TARRYTOWN, N.Y. — Tarrytown native Rob Yasinsac has a long history of documenting old, run-down buildings.

When he was still in high school, Yasinsac would take walks on the old Croton Aqueduct and see remnants of estates behind Lyndhurst and Sunnyside.

Curious about what they were, he photographed them and compared them to images in books that his photography teacher had lent him about Hudson Valley Architecture.

“I had the modern-day pictures and the historic images and I was able to piece the story of what used to be there,” he said.

He’d continue photographing old buildings near Lyndhurst, taking some of the last photographs of two buildings named Pinkstone and Graystone before they were demolished.

“These buildings are disappearing without anybody knowing or caring about them or even documenting them except for me and maybe a few others,” he said. “I wanted to go out and take more pictures of them.”

Yasinsac is one of the co-founders of Hudson Valley Ruins , a website dedicated to documenting historical buildings that have been neglected, abandoned or are threatened with demolition.
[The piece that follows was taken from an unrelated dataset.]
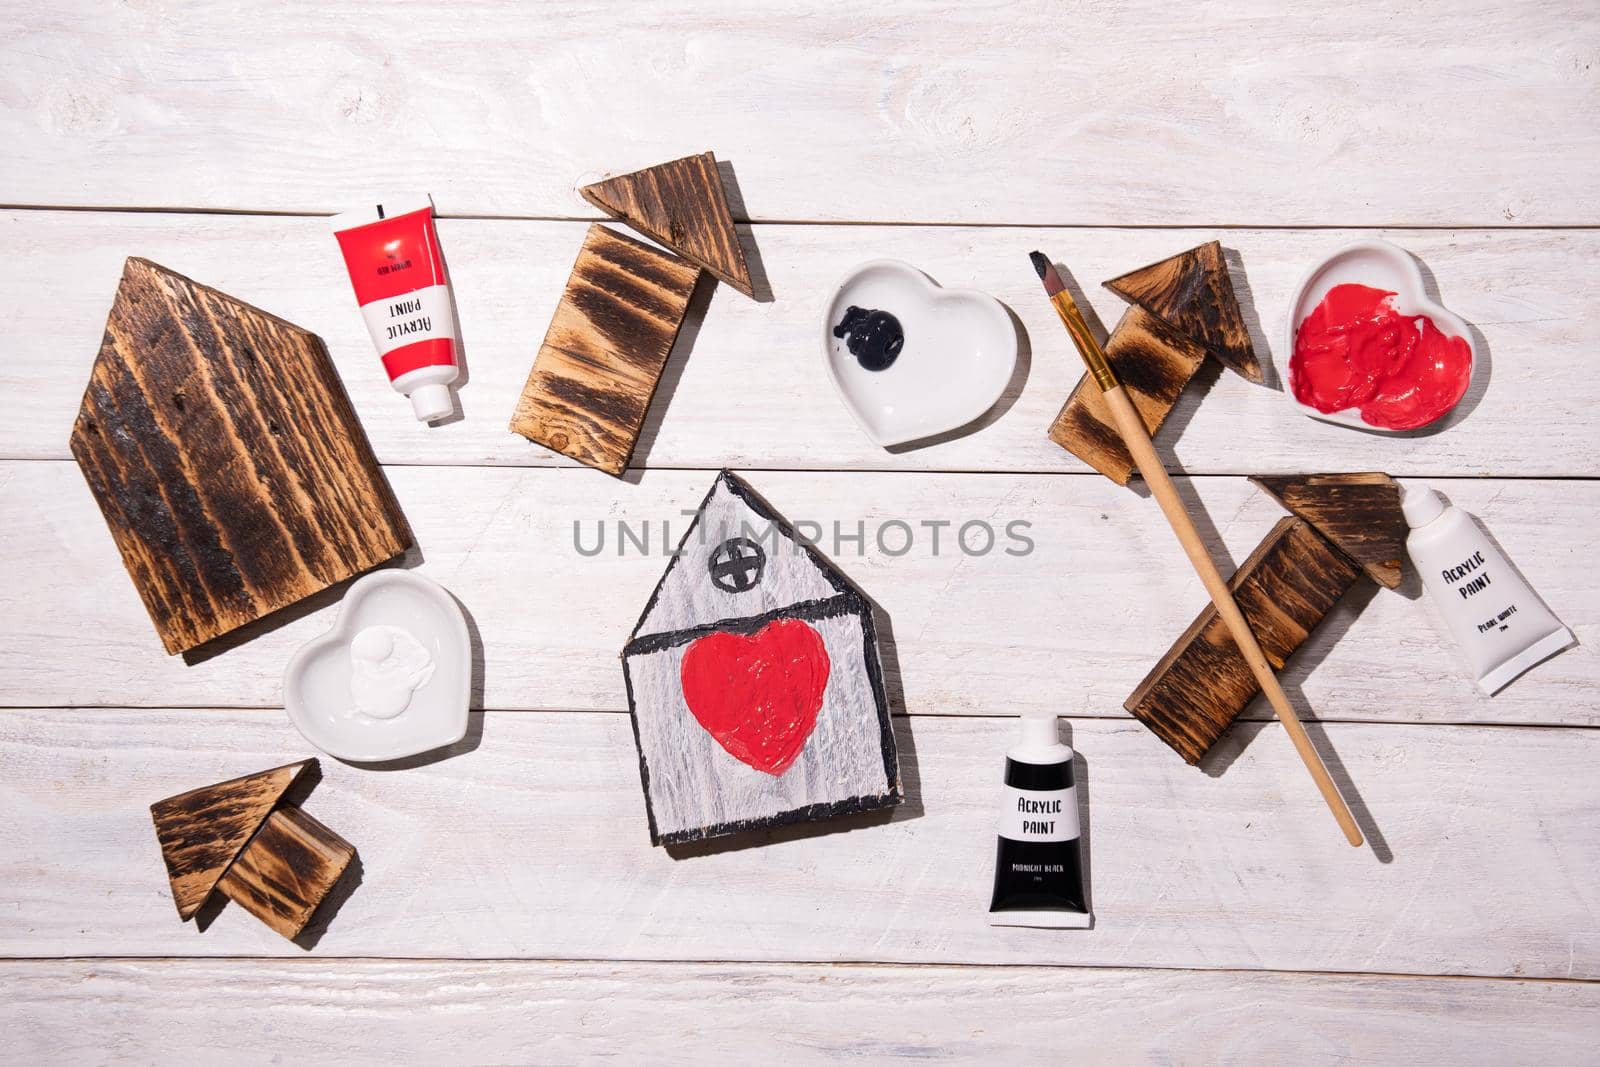 how to draw a heart on a wooden house, crafting, step by step instructions by KaterinaDalemans

Yasinsac runs the site in his spare time with Tom Rinaldi

During the day, Yasinsac works as the site manager of the Philipsburg Manor restoration in Sleepy Hollow. Yasinsac also works to save historical buildings that developers want to tear down.

Yasinsac was part of a group of people who tried unsuccessfully to have Yonkers’ Boyce Thompson Institute for Plant Research declared a landmark. He said it looked like the building was going to be redeveloped, but then the city gave the developer approval to tear it down.

“It was not declared a landmark, but the developer hasn’t proceeded with it one way or another,” Yasinsac said. “The building is still there. Maybe if we hadn’t said anything, he would have gone ahead, I don’t really know. But it’s nice to think that perhaps we did have an impact and that people might consider a use for that building.”

Yasinsac said public support for restoring and preserving historical buildings is mixed.

Some buildings, such as Tarrytown’s old Village Hall, were demolished instead of repurposed. Other buildings, such as the Irvington Public Library, have been restored or repurposed. Irvington’s Public Library was once a vacant factory and office.

“I think once people see that, they say ‘Oh, that’s a great thing. There should be more of it.’ But people have a hard time trying to get past the broken windows or spray paint,” he said. “They see little things like that and think you should tear a building down, but a few cosmetic effects don’t affect the building on a whole.”